| EXERCISE GOAL |
One exact copy of the listing is needed. It should contain no pictures.

| GIVEN INFORMATION |
##########
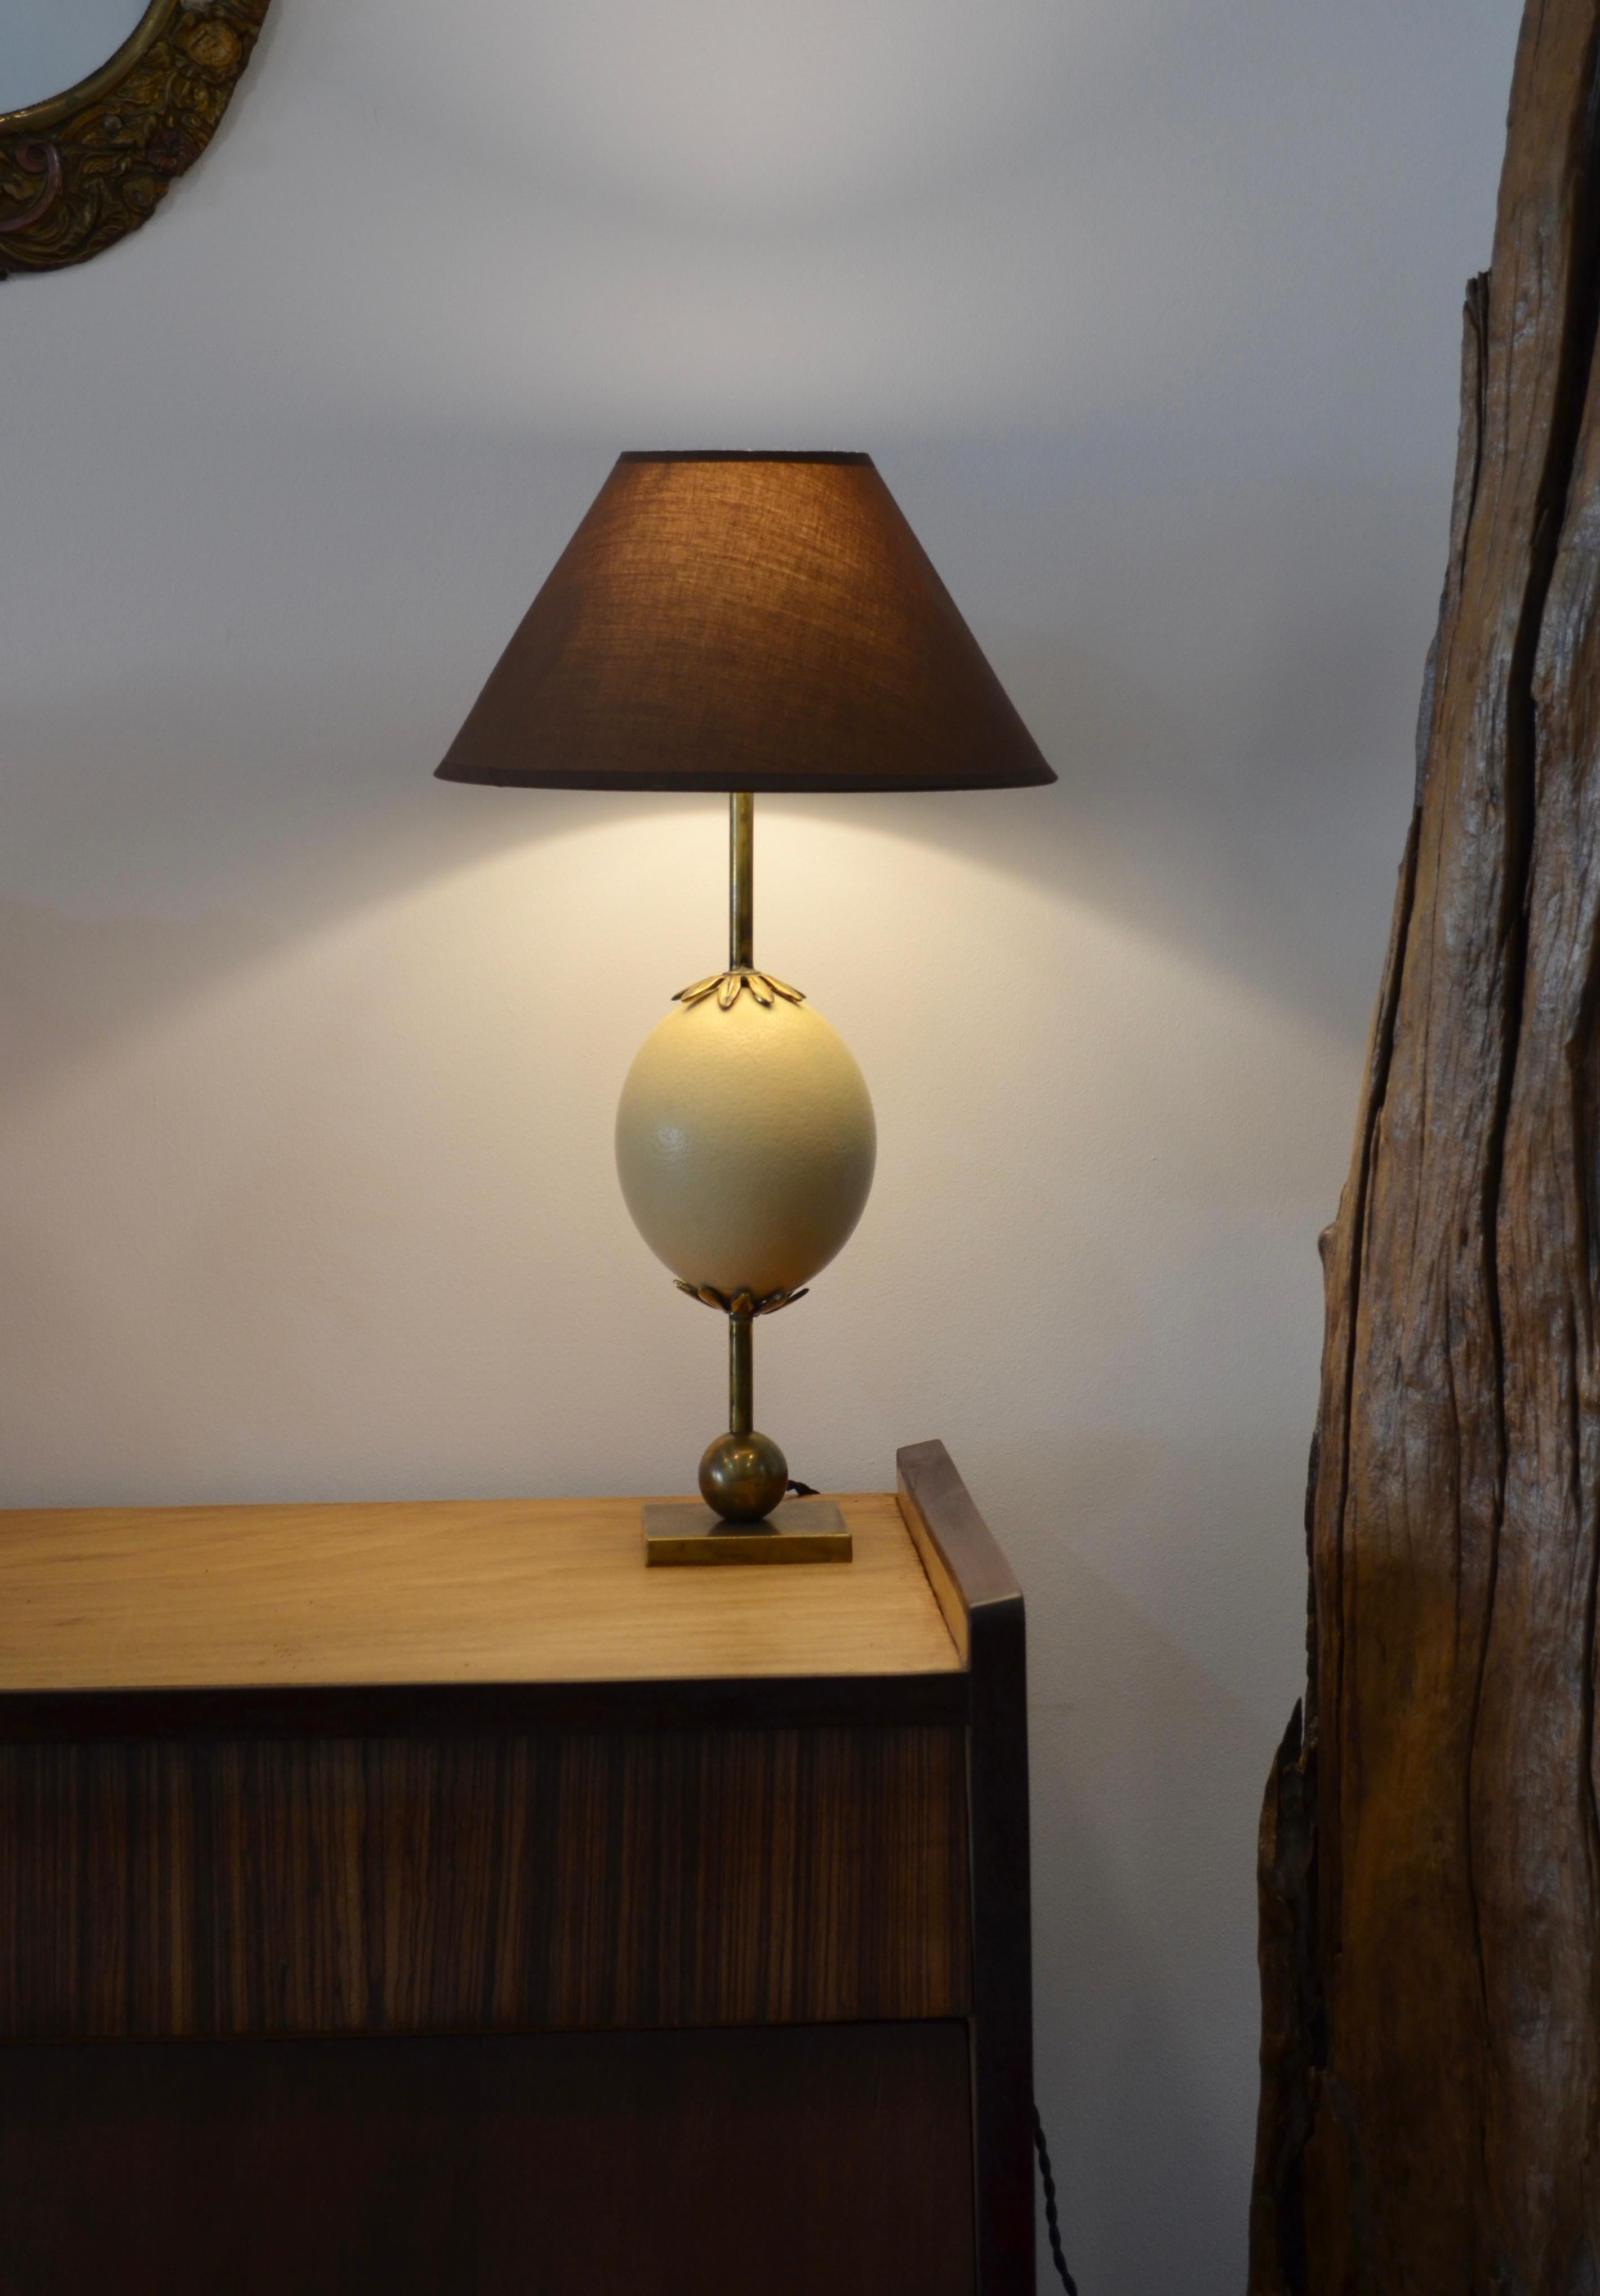 Elegante Messinglampe, bestehend aus einem Straußenei mit Bronzekragen
einige Schattierungen von Weiß auf dem Ei.
Zu verkaufen ohne Lampenschirm
##########
| EXPECTED OUTPUT |
 Elegante Messinglampe, bestehend aus einem Straußenei mit Bronzekragen
einige Schattierungen von Weiß auf dem Ei.
Zu verkaufen ohne Lampenschirm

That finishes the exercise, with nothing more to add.